No one wants this to be their life’s story. I’m scared that I’ll never get better, and yes, that is an option as to what might happen. I might never get any better than I am right now. I might kill myself. I am passively suicidal most of the time, A.K.A, in a state of disbelieving hopelessness, and am actively suicidal sometimes too. Those times are getting fewer and further between, but every so often, like it did today, it’ll rear its ugly head and scare the crap out of everyone I know. I seem composed and completely not-depressed in person to most people. I know. I am far too good at wearing that hat, and it usually surprises people to hear this about me. “I had no idea!” etc. It isn’t a bad thing… but it gives people a false impression of what’s going on with me about 99% of the time. I’m getting better at asking for help, but it’s still extremely hard for me.

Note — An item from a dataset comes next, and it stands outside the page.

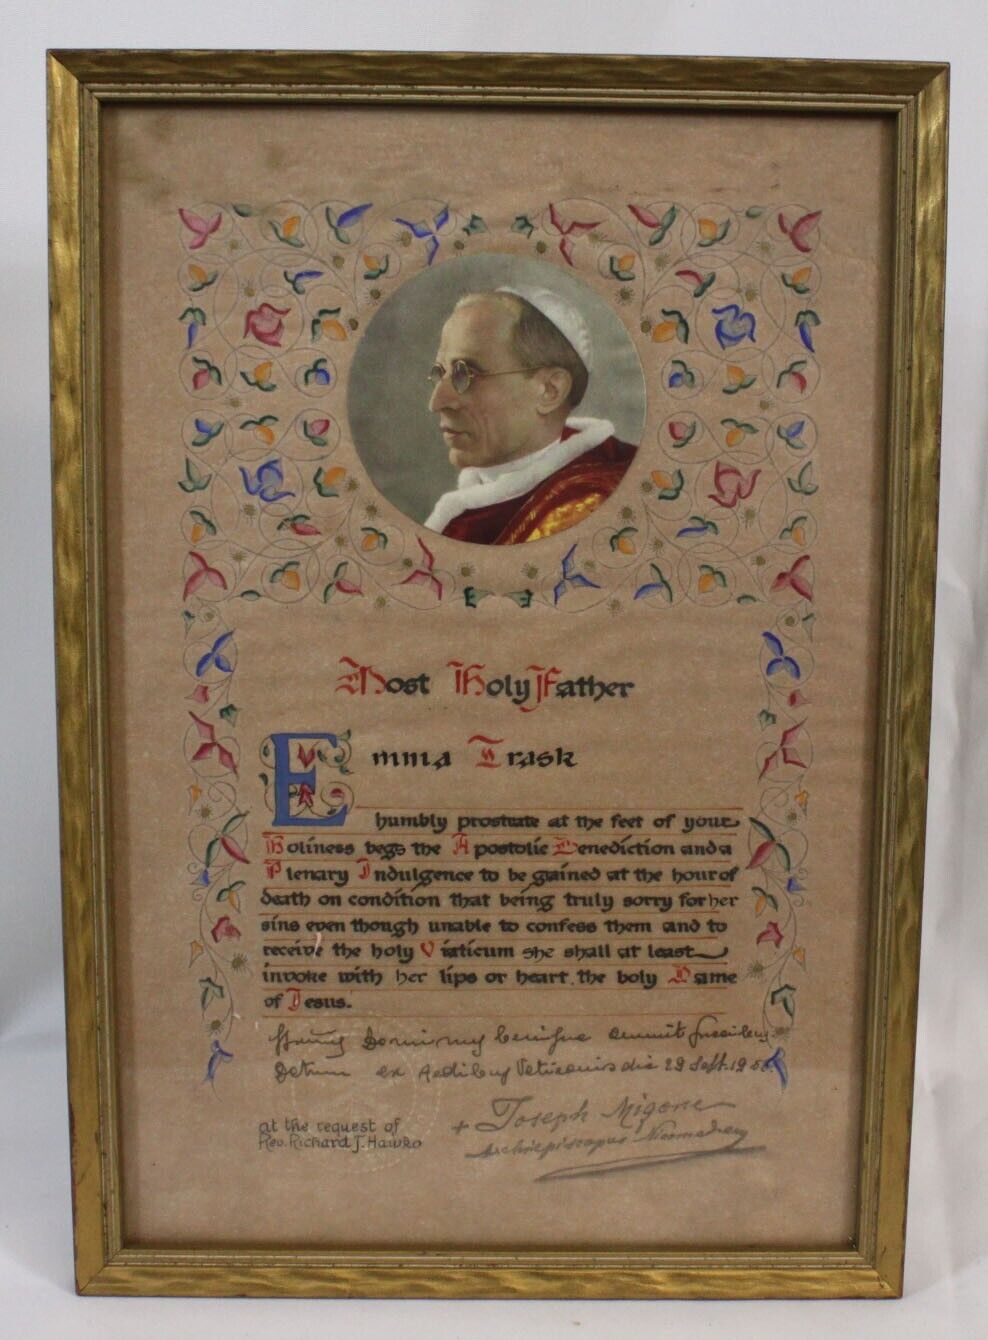 Unusual Vtg Religious Picture Certificate 1956 Confession Signed Sealed 9x13 Odd

So anyways. Back to this being religion-related. So I had a nice smudge, and I called to The Morrigan and Kali, and any other beings that would like to help me cleanse myself and this place of the negativity. It has its place, but I’m long overdue to have some progress. I’ve dealt with so much shit lately there should be flowers springing up everywhere. Believe me, it’s RIPE in here. I find a lot of peace in actively pursuing bettering my situation… whether it’s journalling, blogging, screaming on Twitter (lol) or doing some sort of spiritual practice. It feels better if I feel like I can grab even an inch of control of this thing, illusory or not.
I really hope Morrighan doesn’t have a problem with me mixing cultural practices.